CudaMallocmanaged() can not exceed more than 65410 iterartions

Hi,
I am using a Tesla K40 GPU card with 12GB device memory.

I am designing an algorithms using Linked-Lists structures. I have more than 1000,000 of such structures.
When I tried to allocate them in the unified memory I can not exceed nearly 64000.

I tested for different sizes of data structures but still the same issue.

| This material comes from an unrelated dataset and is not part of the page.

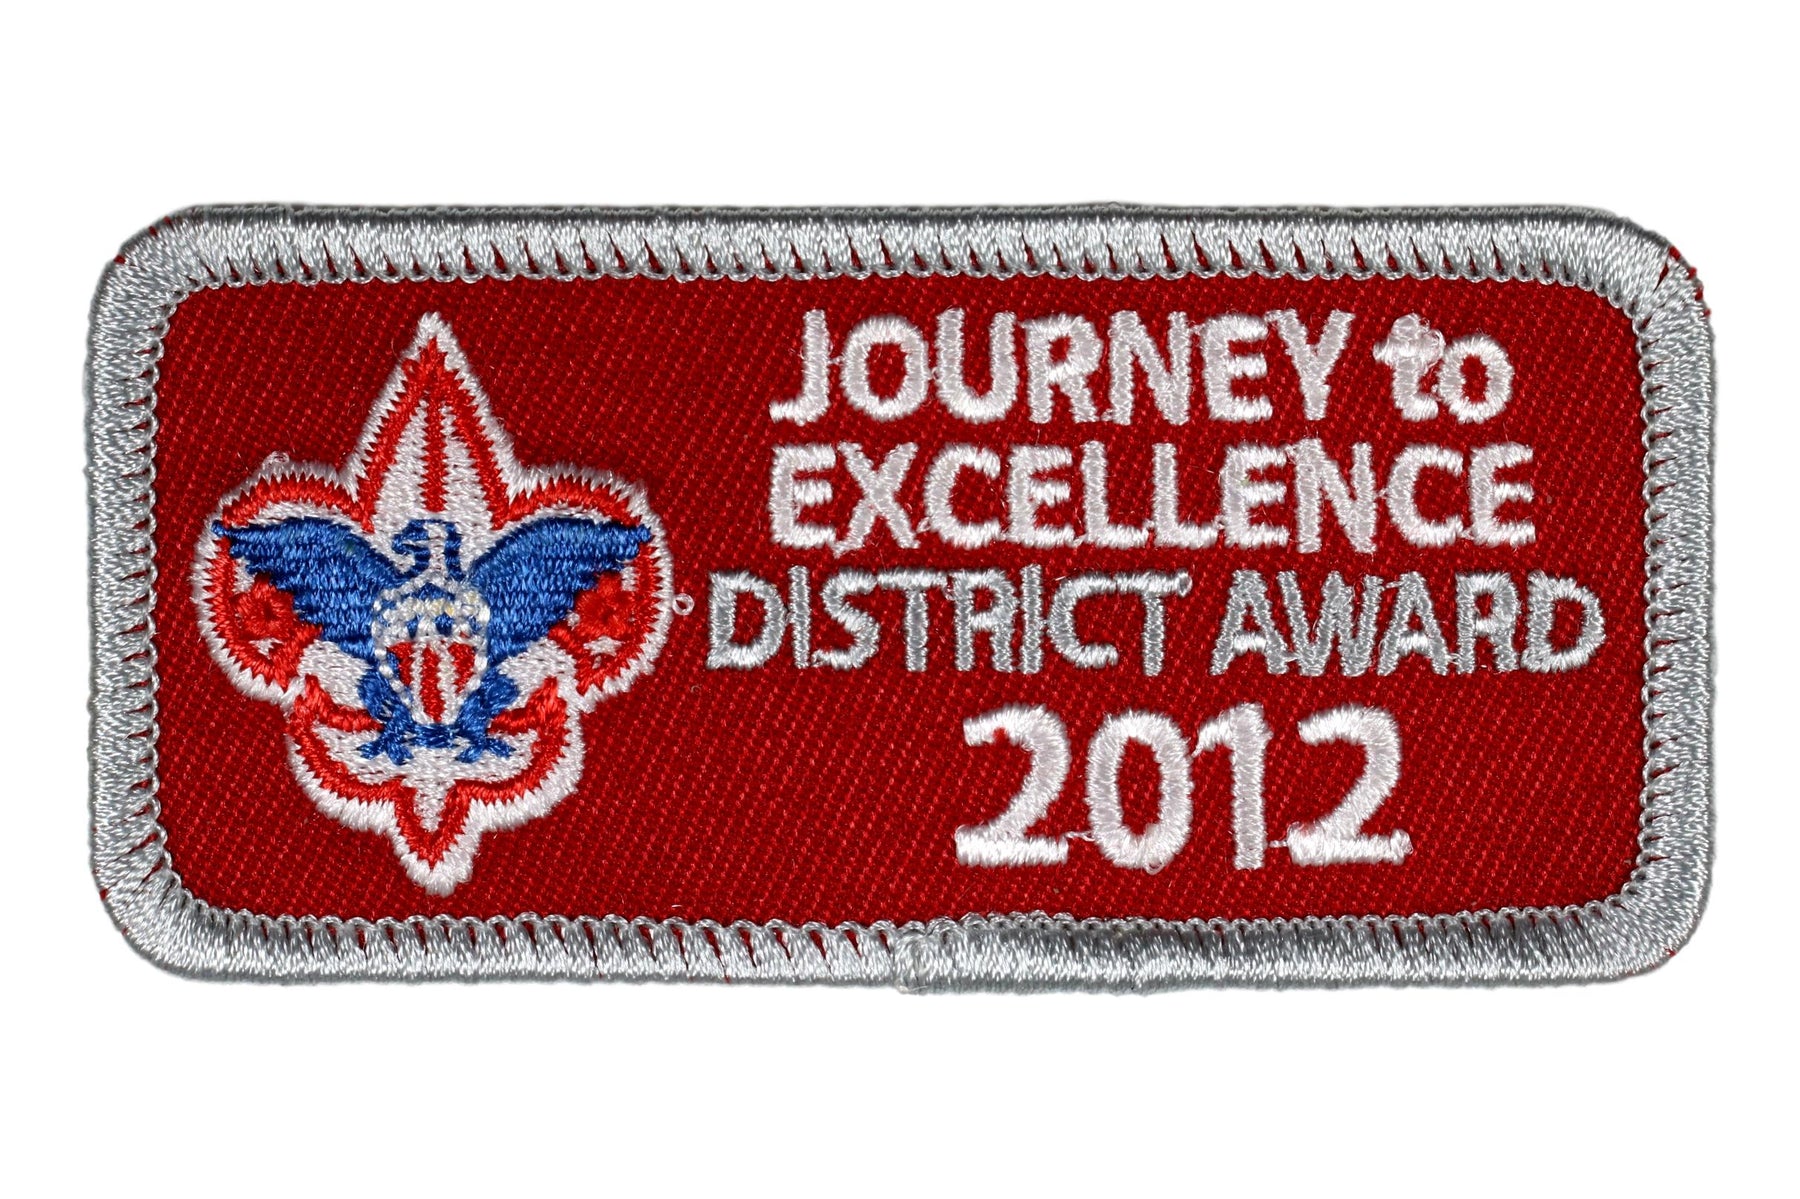 2012 District Journey to Excellence Award Silver Patch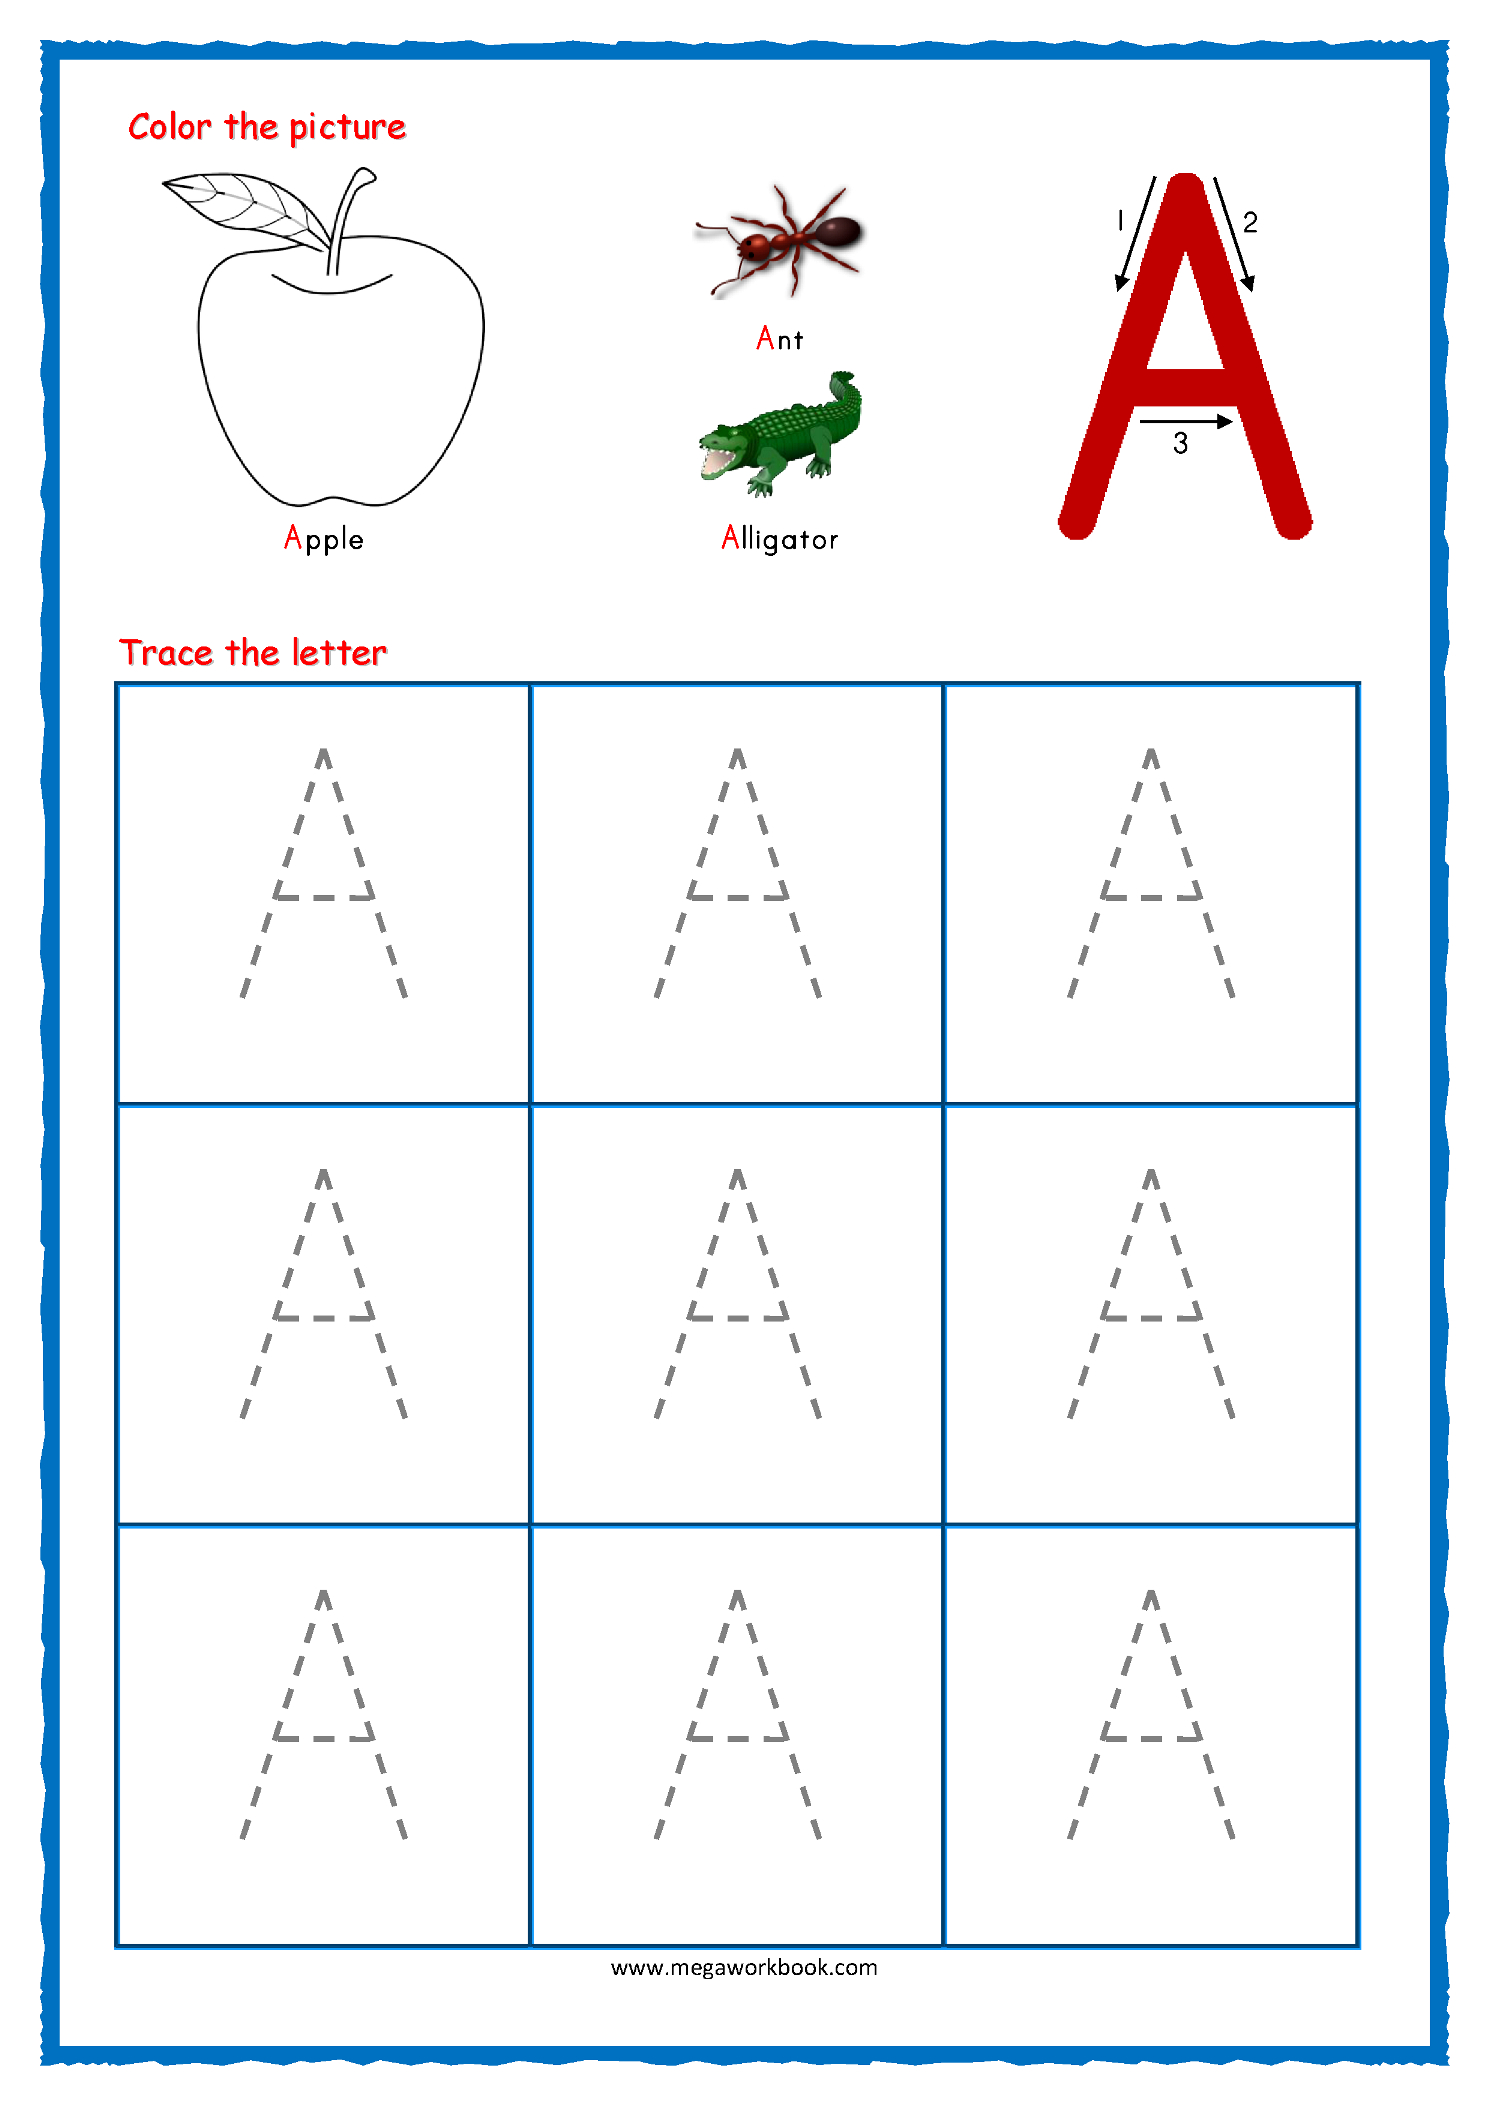 Coloring Book : Coloring Book Alphabet Tracing Worksheets in Tracing Letter A Worksheets Printable

I saw the same bug on this forum as well. http://www.ceus-now.com/allocate-unified-memory-in-my-program-aftering-running-it-throws-cuda-error-out-of-memory-but-still-has-free-memory/

But I couldn’t find a solution yet.

This is my simple code I tested

#include <stdio.h>
#include <stdlib.h>
#include <math.h>
#include “helpers.cuh”

#define NUM 10000

int* array[NUM];

int main(){

int i=0;
for(i=0;i<NUM;i++){
	cudaMallocManaged(&array[i],sizeof(int));
	checkCudaError();
}

return 0;

}

The output gives a cuda ERROR from the checkCudaError() function , after 65410 itterations.

Can somebody help me to find a solution for this?

This is a known issue with CUDA 7.5. Upgrade to CUDA 8.0RC or beyond, where it appears to be fixed.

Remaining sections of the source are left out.